The load of the pointer phi can be replaced by a load of the start value
outside the loop and a new phi/select chain based on the loaded values,
as illustrated below

  %l.start = load %start
loop:
  sel.phi.prom = phi i32 [ %l.start, %ph ], [ %sel.prom, %ph ]
  %l = load %ptr
  %sel.prom = select cond, %l, %sel.phi.prom
  ...
exit:
  use(%sel.prom)

This is a first step towards alllowing vectorizing loops using common libc++
library functions, like std::min_element (https://clang.godbolt.org/z/6czGzzqbs)

#include <vector>
#include <algorithm>

int foo(const std::vector<int> &V) {
    return *std::min_element(V.begin(), V.end());
}

Diff Detail

Event Timeline

fhahn created this revision.Jan 25 2022, 6:53 AM
fhahn requested review of this revision.Jan 25 2022, 6:53 AM
Herald added a project: Restricted Project. · View Herald TranscriptJan 25 2022, 6:53 AM

@fhahn This really looks like an extension of full redundancy elimination.
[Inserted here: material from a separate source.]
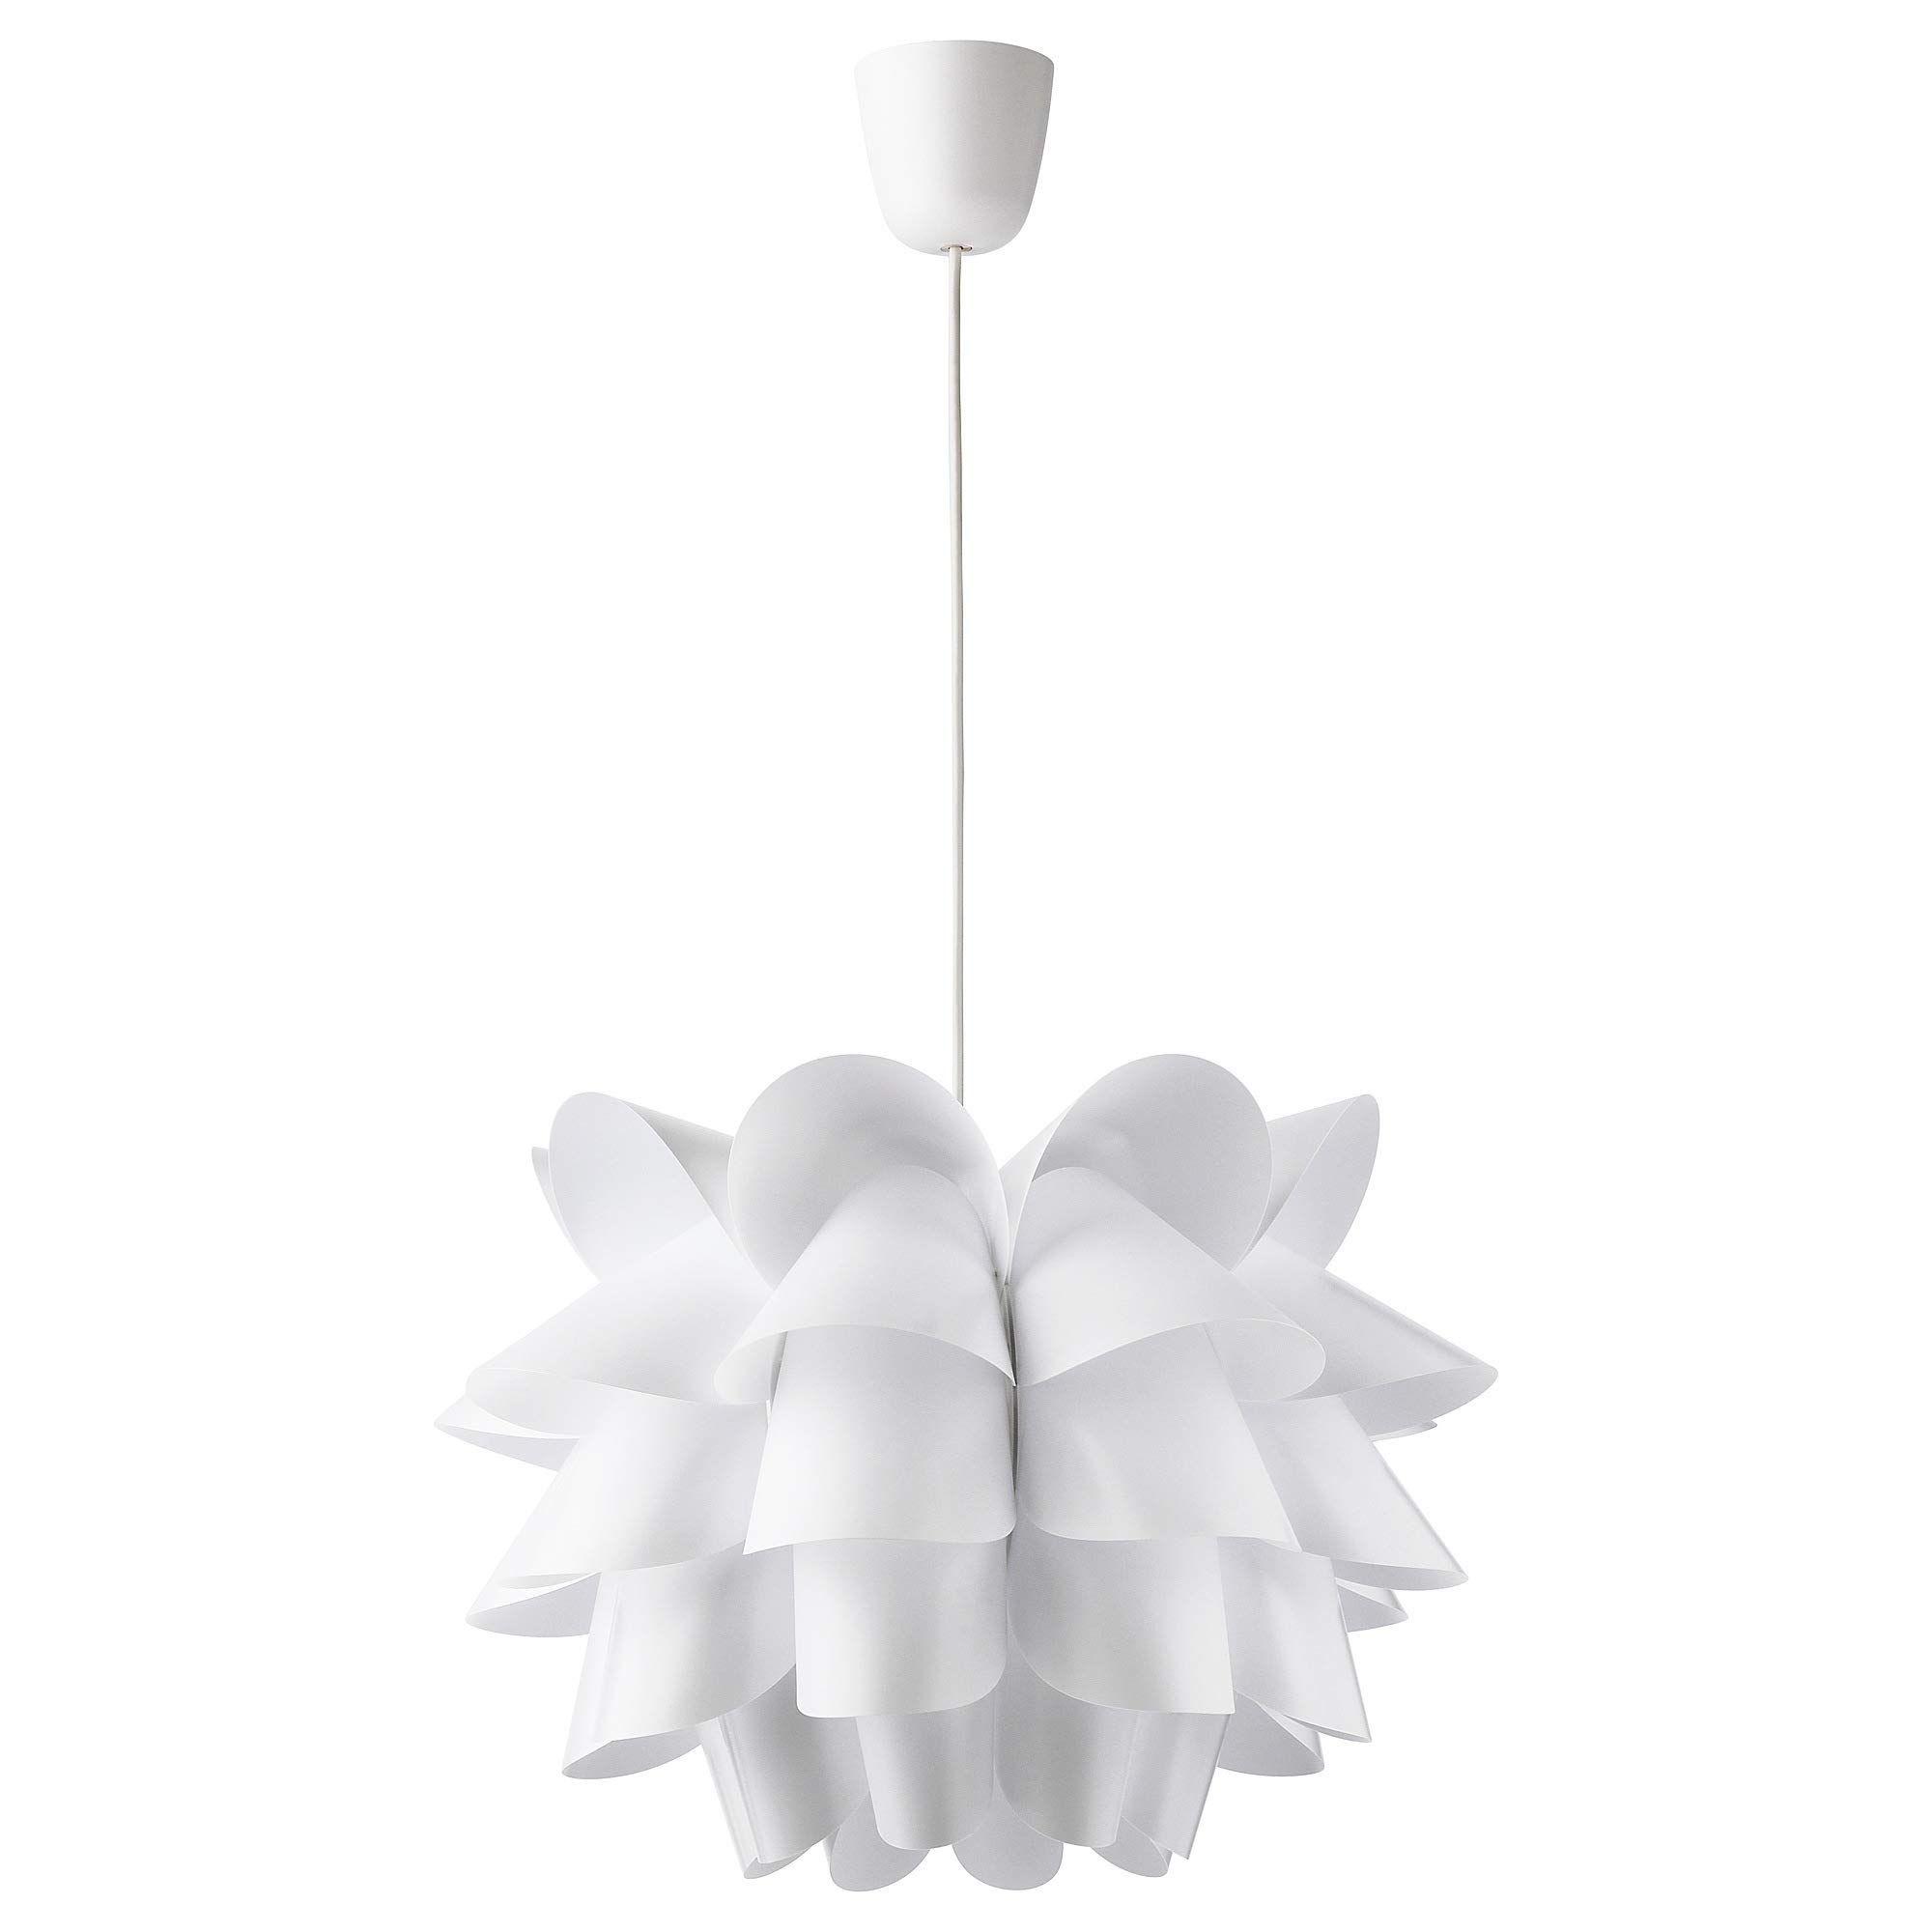 Ikea Fba 600 713 44 600 713 44 Knappa Pendant Lamp White In 2020 Pendant Lamp White Pendant Lamp Lamp

If we had the select expressed as a phi/branch pattern, wouldn't we be able to determine the value is fully available and do SSA construction to propagate the loaded value? If so, then this feels like a case where we should extend the fully available logic and SSA construction in FRE rather than add a parallel transform.

(p.s. I might be missing something obvious. Writing this in a hurry to get you any response at all due to personal life craziness atm.)

fhahn updated this revision to Diff 404028.Jan 28 2022, 8:03 AM

@fhahn This really looks like an extension of full redundancy elimination. If we had the select expressed as a phi/branch pattern, wouldn't we be able to determine the value is fully available and do SSA construction to propagate the loaded value? If so, then this feels like a case where we should extend the fully available logic and SSA construction in FRE rather than add a parallel transform.

(p.s. I might be missing something obvious. Writing this in a hurry to get you any response at all due to personal life craziness atm.)

Thanks! It seems like this indeed fits rather nicely into the available-value logic. I updated the patch to introduce a new SelectVal to AvailableValueInBlock and create those nodes as needed, together with the required materialization code.

This version does not replace the load outside the loop of the pointer-select for now. But that might be also be do-able separately by teaching the available value analysis to replace the load %res with the select %0 in the code below.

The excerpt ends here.